И нет, мне мои мысли сейчас не кажутся глупыми и сопливыми.
Наоборот, то, о чем я думал раньше, когда воображал себя свободным волком, псом на государевой службе, теперь ощущается херней. Как раз той самой — глупой и сопливой. Инфантильной до охерения.
У мужчины должен быть ребенок, в котором он будет видеть себя. У мужчины должна быть такая маленькая принцесса, которую нужно любить и зацеловывать в розовые щечки.
Которая будет им вертеть и называть «папочка».
Меня сегодня называли. И я, здоровенный дурак, плыл, как мальчишка, от небывалого удовольствия.
И терять я это больше не намерен.
— Все хорошо? — Клубничка становится рядом, смотрит на меня вопросительно. Не понимает, несмотря на всю свою сообразительность и ум, просто не понимает моих эмоций. Но ей простительно. Она это чудо родила и каждый день видит. А я…
А я тоже буду теперь!
Каждый день!
И чтоб называла «папочка»…
— Да, Клубничка, все хорошо… — хриплю я, тщетно пытаясь понизить голос до шепота. Такого, чтоб не разбудить дочь.
— Пойдем на балкон, — говорит она, кивая на балконную дверь.
Оглядываюсь. Ну да, здесь, по-любому, больше негде. Кухонного островка нет, только в стороне, на тумбе, стоит микроволновка и чайник.
И санузел один на четыре номера.
Вообще, все дико неудобно, особенно теперь, когда тут живет ребенок.
Надо что-то решать с этим…
Но пока, надо поговорить. Поставить, наконец, все точки над i. Пора уже.
Клубничка накидывает куртку, подает мне мою, и мы выходим на улицу.
Вид прикольный, воздух — еще холодный, но уже, практически, апрельский. Балкон маленький, буквально для одного. Стоит стул, крепкий, что характерно, на нем подушка, чтоб было теплее сидеть, как я понимаю.

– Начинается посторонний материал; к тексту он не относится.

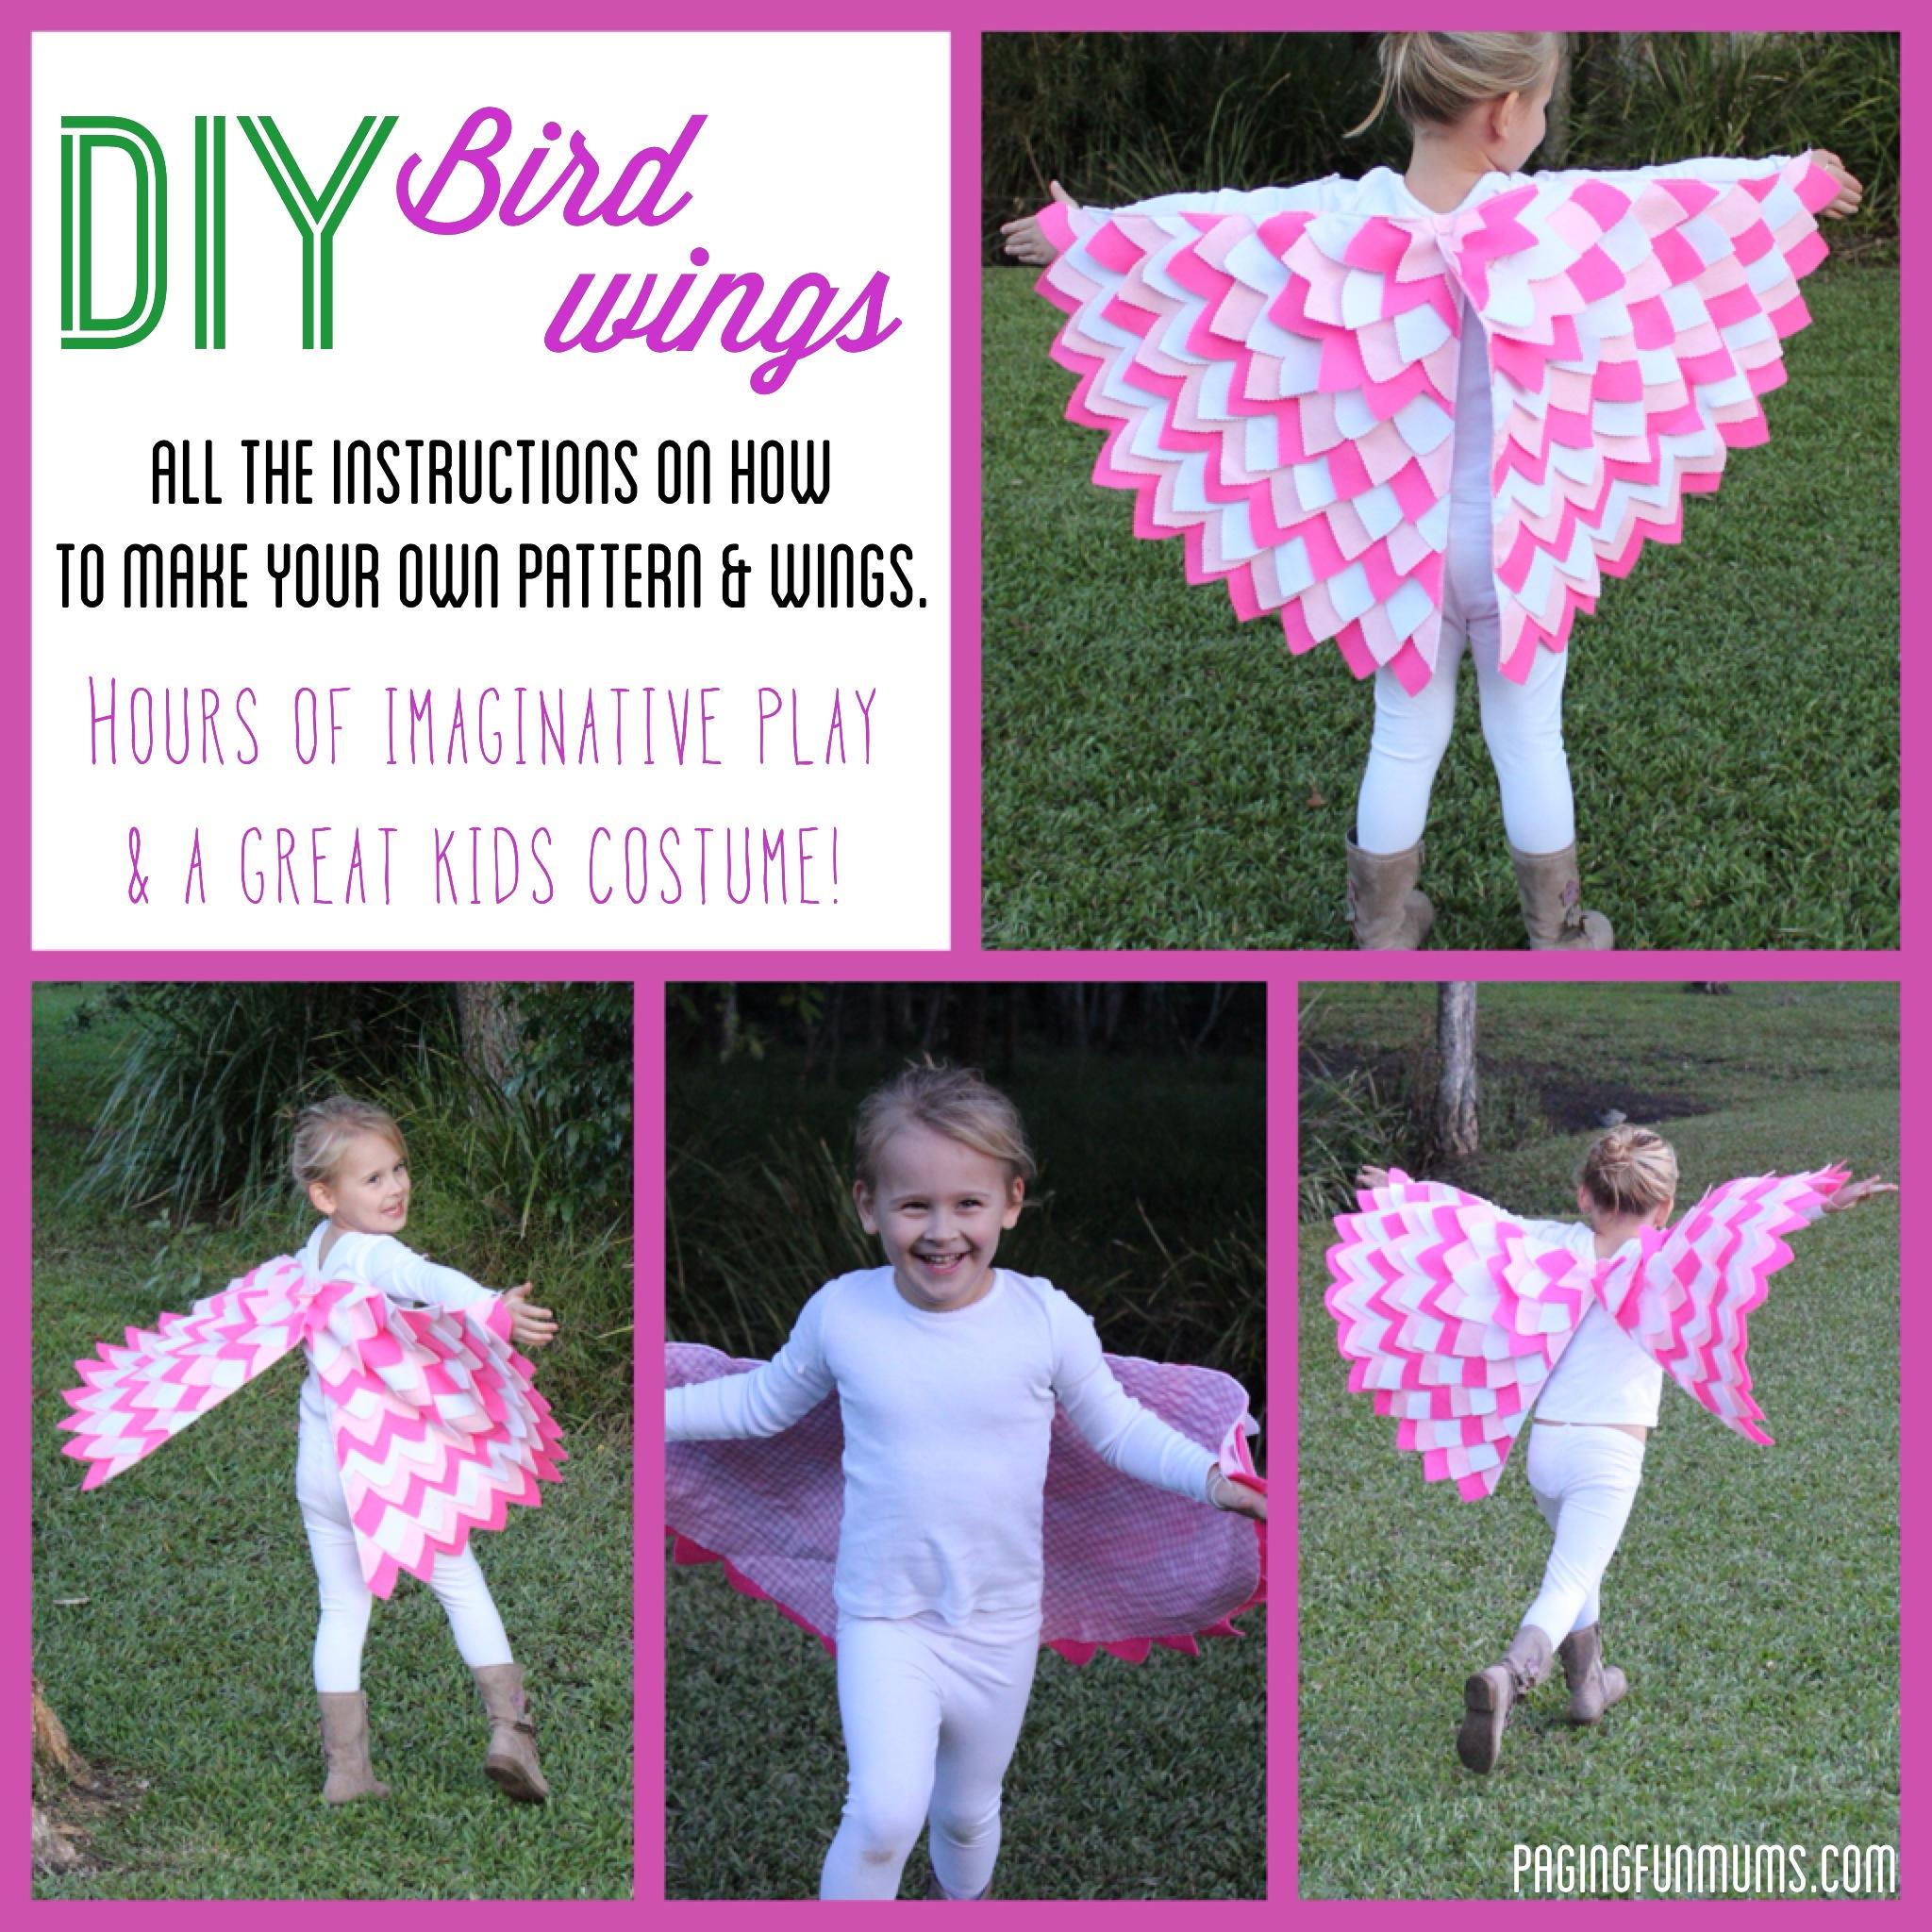 Diy bird wings solutioingenieria Gallery

— Тут можно говорить, если негромко, — предупреждает Клубничка, прикрывая дверь поплотнее, — и курить можно, если хочешь.
— Нет. Ты хочешь?
— Нет, я не курю уже давно.
— Курила?
— Было дело…
Беседа — нейтральная, разминочная. Пристрелочная.
— Садись?
— Нет, я постою лучше, ты садись. Ты — большой, сядешь, сразу места больше будет… — улыбается.
И меня торкает от ее улыбки.
Послушно сажусь, и в самом деле, места становится больше. Да и ей ощутимо комфортней, все-таки, я своим размером и весом довлею.